Using zip or compressed tar Files
You can use jobs to run an entire Python project that you archive into a single file.
zip or compressed tar files that are run as a job can leverage the Data Science service conda environments, and, the custom conda environments.
For the job run, you point to the main entry file using the
JOB_RUN_ENTRYPOINT
environment variable. This variable is only
used with jobs that use zip or compressed tar job artifacts.
Using a Data Science Conda Environment
You can use one of the Data Science conda environments that are included in the service.
A conda environment encapsulates all the third-party Python dependencies (such as Numpy, Dask, or XGBoost) that the job run requires. Data Science conda environments are included and maintained in the service. If you don't specify a conda environment as part of job and job run configurations, a conda environment isn't used because there's no default.
Your job code is embedded in a Data Science conda environment:
Using a Custom Conda Environment
You can use a zip and compressed tar file jobs with custom conda environments, as well as Data Science conda environments.
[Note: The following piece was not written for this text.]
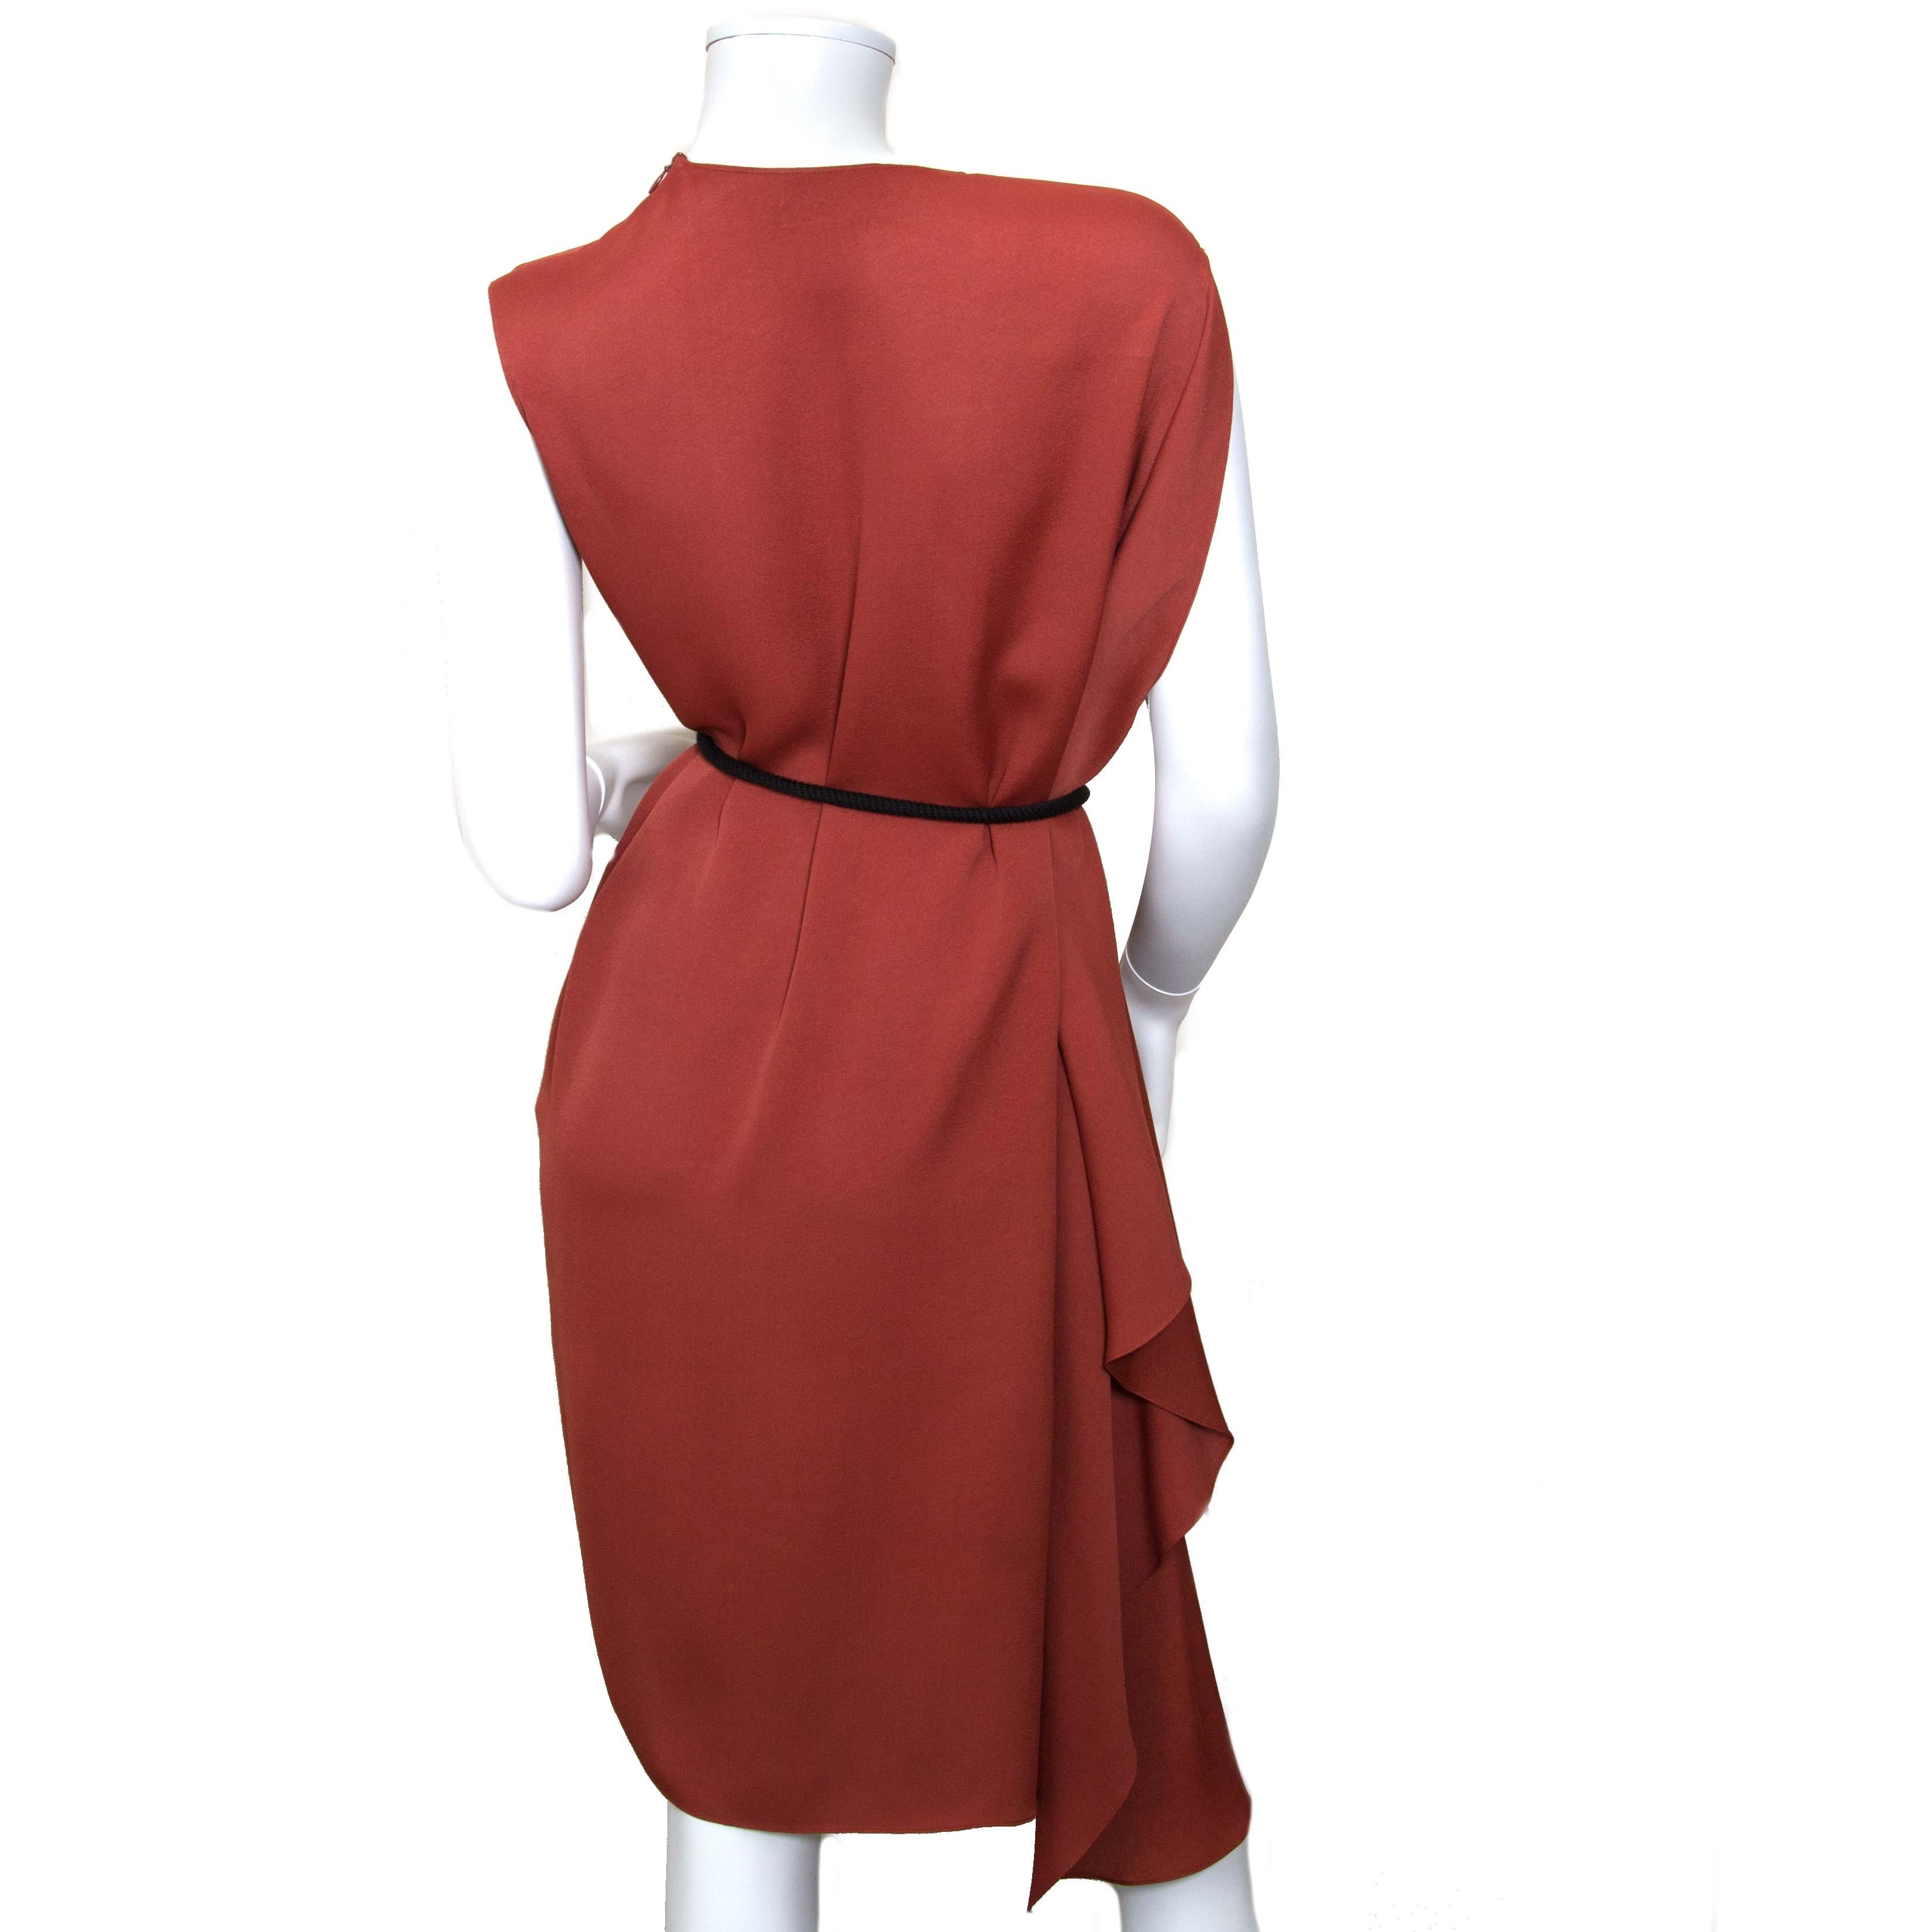 lanvin terracotta dress now for sale at labellov vintage fashion webshop belgium

A conda environment encapsulates all the third-party Python dependencies (like Numpy, Dask, or XGBoost) that your job run requires. You create, publish, and maintain custom conda environments. If you don't specify a conda environment as part of job and job run configurations, a conda environment isn't used because there is no default
Your job code is embedded in a custom conda environment like this:
Using a Runtime YAML File
You can use a runtime YAML file to configure job environment variables rather than using the Console or SDK.
Before you begin:
Download, unzip, and review the jobruntime.yaml and conda_pack_test.py sample files to create and test your job project.
Using a jobruntime.yaml
file makes setting custom environment
variables in your project easier.
Using a Vault
You can integrate the OCI Vault service into Data Science jobs using resource principals.
Before you begin:
-
For the resource principal in the job to have access to a vault, ensure that you have a dynamic group in your compartment that either specifies the instance or the resource principal. For example, you could use the resource principal and a dynamic group with this rule:
all {resource.type='datasciencejobrun',resource.compartment.id='<compartment_ocid>'}
-
For the job to run, you have to ensure that you have at least be able to manage secret-family on the dynamic group. For example:
Allow dynamic-group <dynamic_group_name> to manage secret-family in compartment <compartment_name>
The Using the OCI Instance Principals and Vault with Python to retrieve a Secret blog post provides useful details.
-
Download, unzip, and review the
zipped_python_job.zip
sample file that demonstrates the following:- Initializing the vault client in the job using the Python SDK
- Reads a secret by using the secret OCID.
- Decodes the secrete bundle and shows the actual secret content.
Since jobs have access to the resource principal, you could initialize all the Vault clients available in the Python SDK.
-
Create a vault that has a master key, a secret, and add policy statement to all the job resource principals to
manage secret-family
.
- From the Console, create a new job.
- Run the job to test that it works.
- Monitor the job run for a successful finish.
- (Optional) If you used logging, then you can review them to see the job run values.